American dream lost?

Down payment assistance a fatality of the homeowners rescue bill.

The recently passed (and hopefully soon to be signed into law) bill that would provide some relief to at lease an estimated 400,000 US homeowners had at least one casualty buried within its 1000+ pages.

President Bush has long wanted to kill off the so-called charitable down payment assistance programs, such as Ameridream, which purported to give home buyers their 3% minimum down payment (as required by FHA). The Ameridream program long ago lost its tax exempt cache when the IRS ruled that the requirement for the seller to contribute a like amount to Ameridream, plus a fee for processing, meant that the Ameridream “charitable contribution” was neither a real charitable contribution nor tax deductible. The program was continued, even after that ruling and has been extensively used on people with little or no money for a down payment. Bush argued that these programs just encouraged people who can’t afford a house to get in over their heads – certainly an argument with some merit.

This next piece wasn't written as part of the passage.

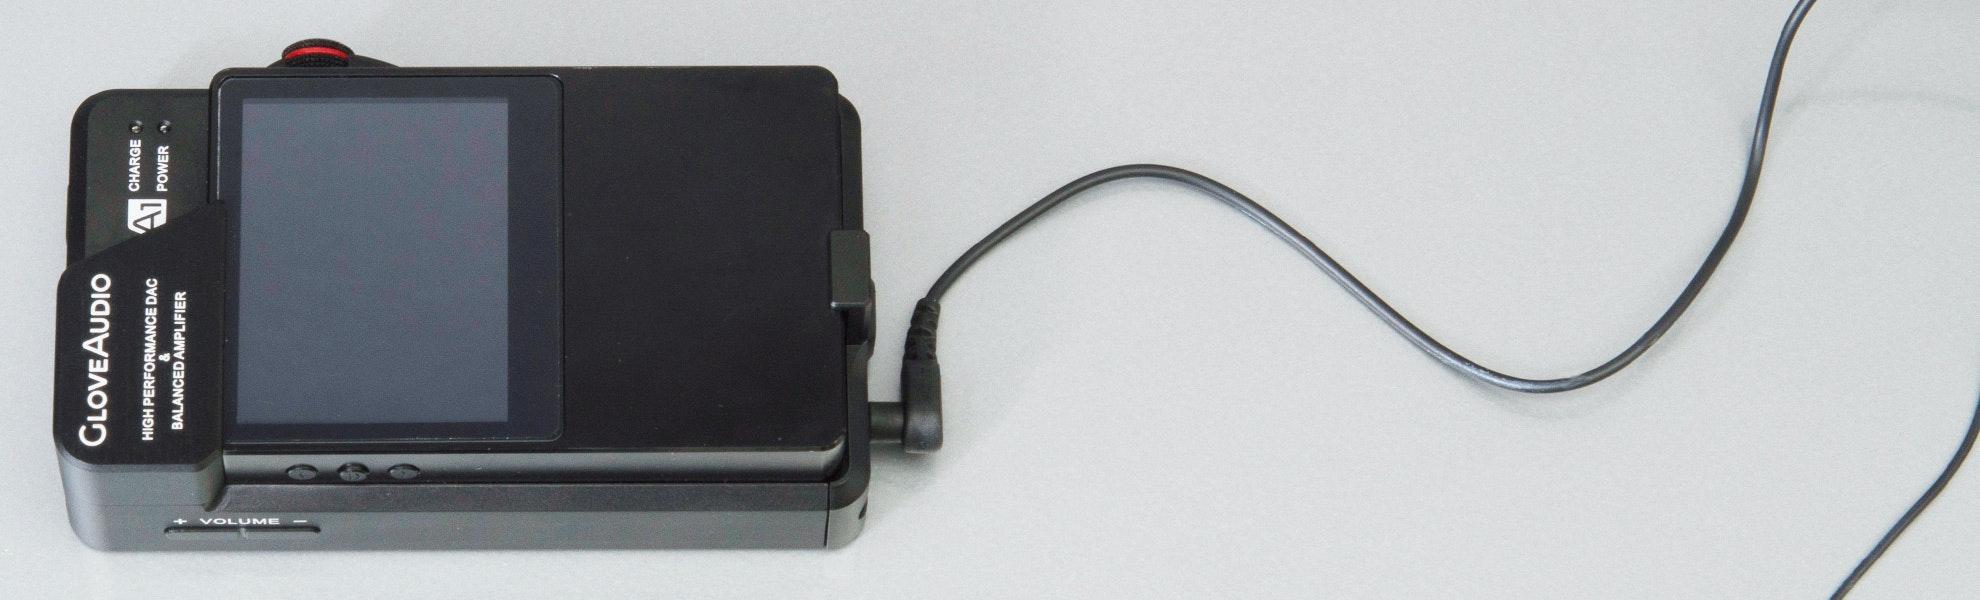 CEntrance GloveAudio A1 Amplifier

So, once the homeowner assistance bill becomes law, Ameridream and other like down payment assistance programs will become history – at least until the sharpies who rule these things figure out a new way around the laws. There will always be people around the edges of any legitimate business trying to figure out ways to cut corners or make a buck off something that is illegal or only marginally legal.

I read an article last night about people in the finance worked who are already dreaming up new “financial instruments” to replace the securitized mortgage instruments that recently went bust. The article was about people who are packaging up commodities futures contracts and creating tracking indexes that can be bought and sold. As best as I can figure, it involved people who will be betting on the success or failure of other people who have bet on the rise or fall of the price of commodities sometime in the future. The things that I get a kick out of is that no one in this whole chain of events actually owns anything tangible. It makes about as much sense as betting on the pool of bettors who put money on specific horses in a horse race. You could bet (invest, as they would prefer to call it) on whether a horses odds would go up or down, right up to the start of the race, at which time, your options would expire. No wonder so many idiots lose so much money when these stupid houses of cards fall apart. It’s all a big pyramid scheme with no underlying real value.